Mickey Skidmore, AMHSW, ACSW, MACSW

Recently I attended a professional two-day training event. It was apparent early on that the target population for this event was nebulous and unclear. In one of the break-out sessions I was paired with a woman who very quickly was side-tracked onto a tangent about ivermectin. She lamented her frustration and distress that obscure research (which of course she read about on Facebook) was not being taken seriously. She continued with further vague references to additional research supporting the use of hydroxychloroquine, before becoming tearful because the medical establishment does not recognise or support these views. For the most part, perhaps with a few exceptions, the majority of such claims have not held up to empirical scrutiny and thus, has been widely discredited, disavowed, and debunked.

Ivermectin and hydroxychloroquine fanaticism seems linked to anti-vax sentiment, in the sense that both are wacky pseudoscience beliefs to which certain people are attracted. Many of the same people who were drawn to these views are wary of the COVID-19 vaccines because they are skeptical of the public health consensus in general.

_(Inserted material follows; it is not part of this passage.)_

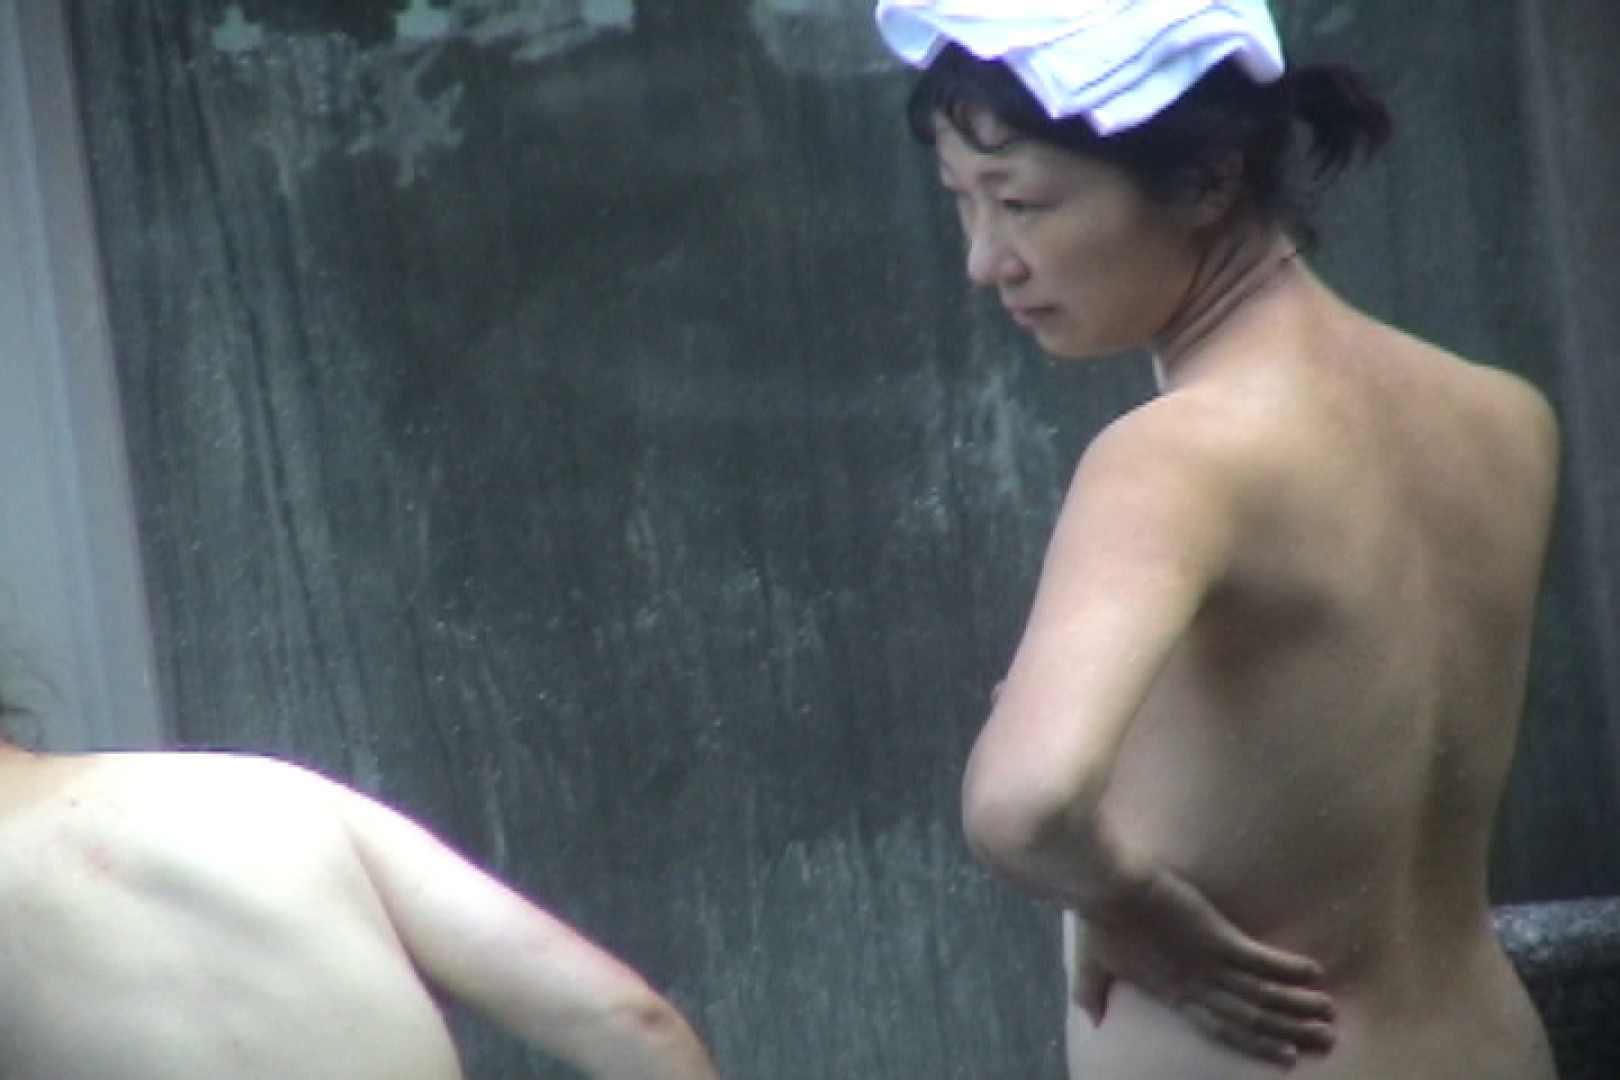 Aquaな露天風呂Vol.448 露天風呂編  90PIX 22
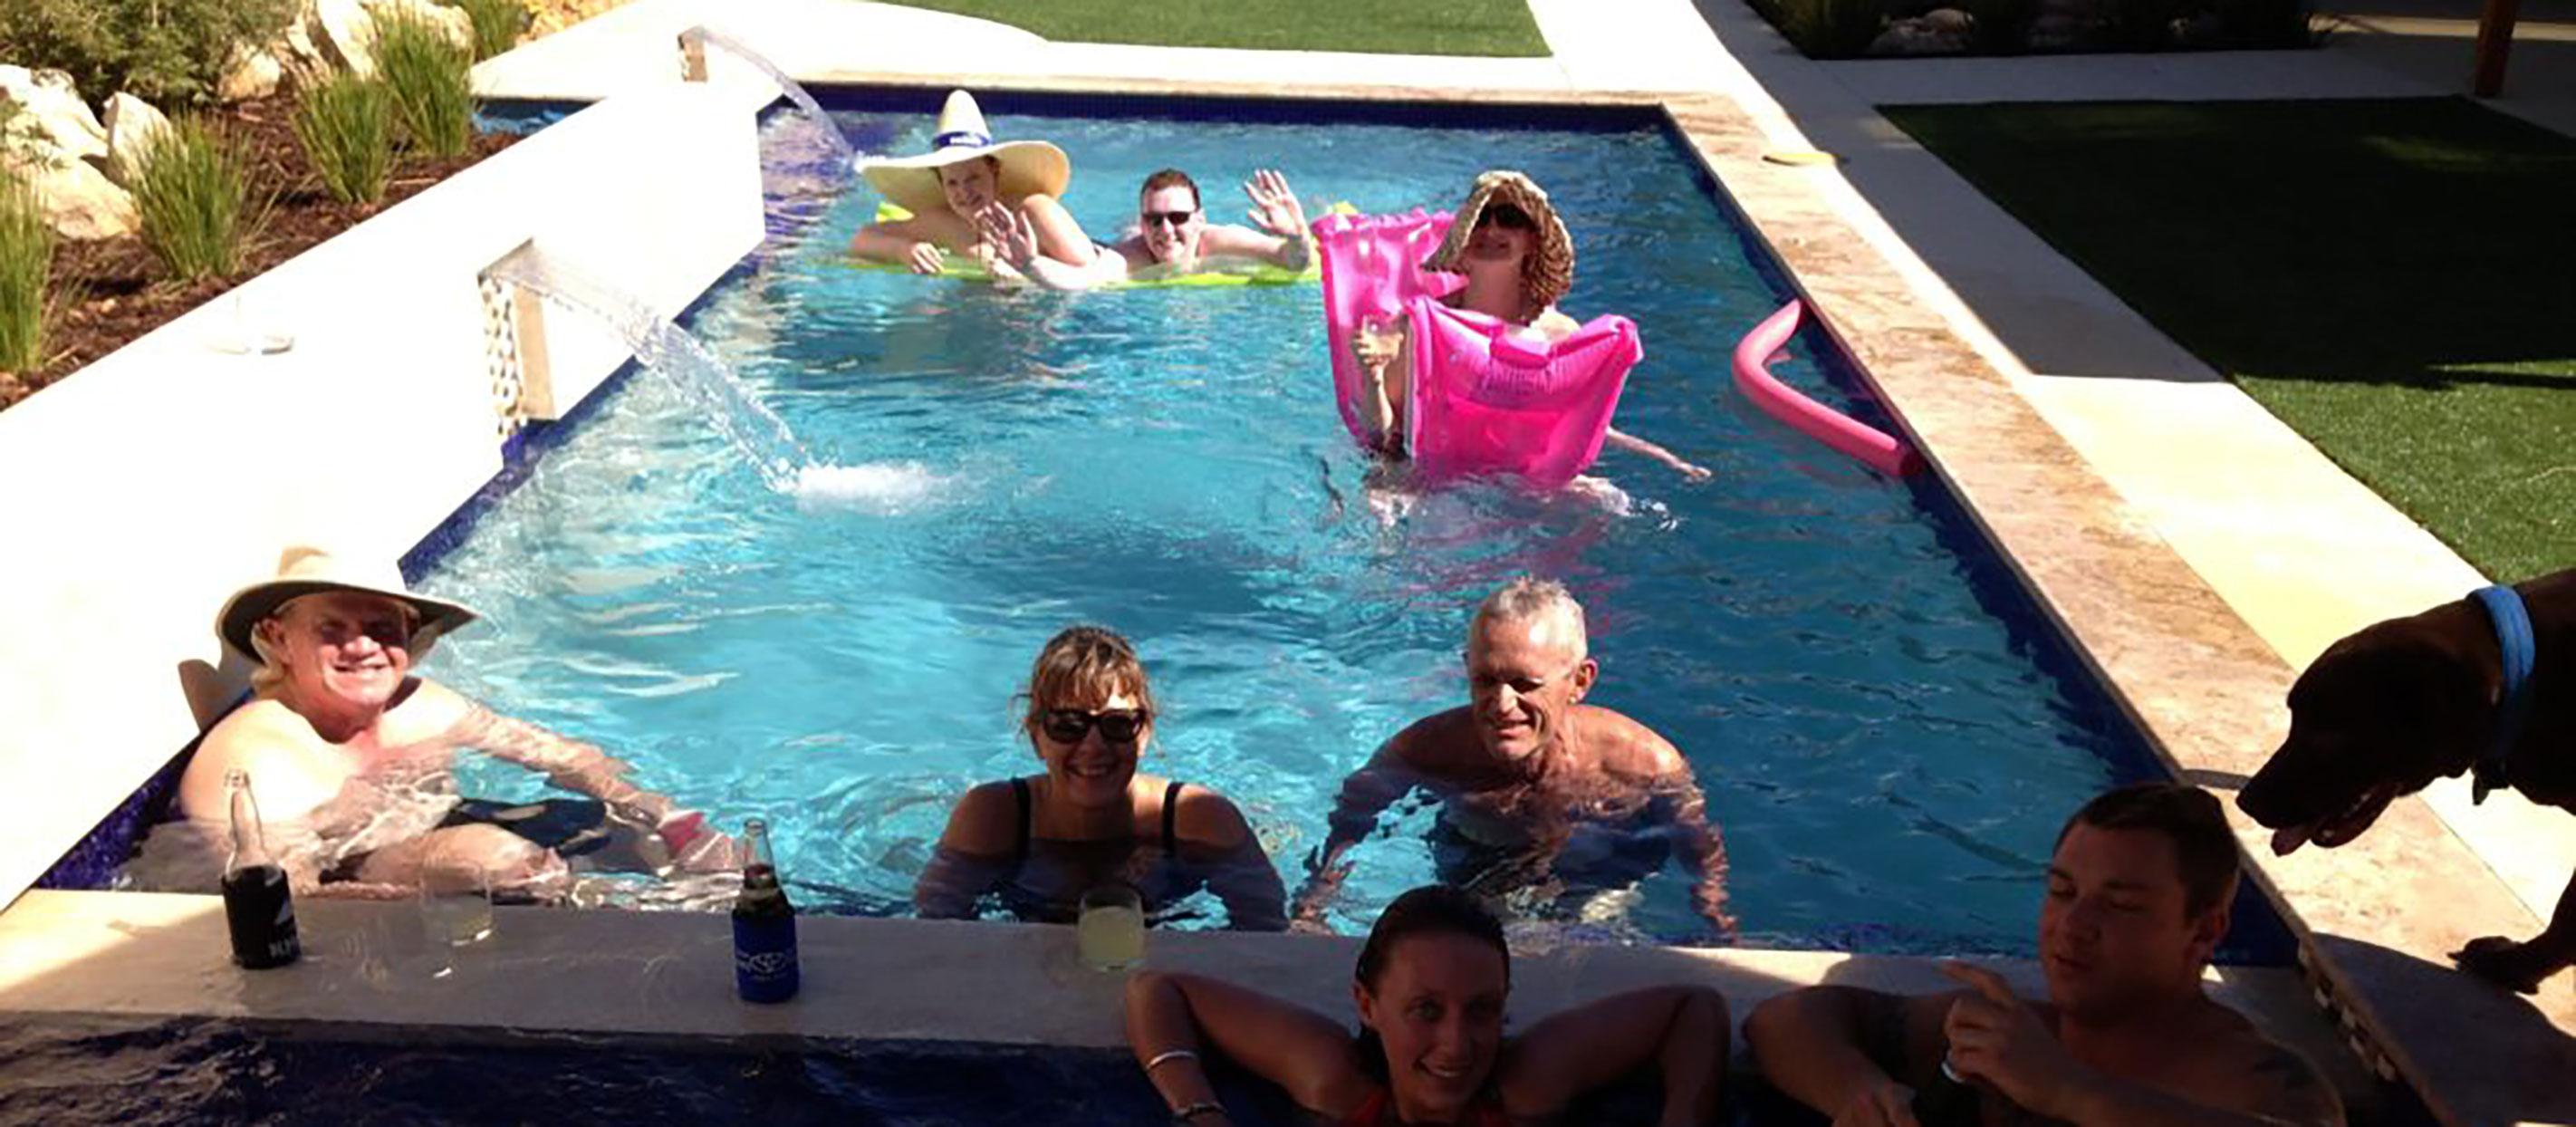 Pool resurfacing, renovations, restorations and coatings Perth

It is ironic that Trump does not take credit for the contribution he oversaw in the successful and speedy development of current COVID vaccines that are widely accepted in the global medical medical community as perhaps the best resource against this pandemic. Regrettably, the politicalisation and relentless and pervasive spread of misinformation remain effective narratives that further perpetuates divisiveness.

A common feature of propagating partial truths masquerading as research is to attribute a statement to an individual with seemingly relevant professional credentials. Trump increasingly touted an obscure physician with a background in radiology to advance a “credible” claim for the use of hydroxychloroquine, as well as other recommendations to his COVID task force while in office — despite having no expertise at all regarding public health or vaccine development. While he may have earned an MD, this alone does not qualify him as a credible expert on public health matters. Likewise, plucking selected ideas, theories or statements or citing studies that offer limited findings that do not adhere to the scientific empirical process only serve to muddy the waters further.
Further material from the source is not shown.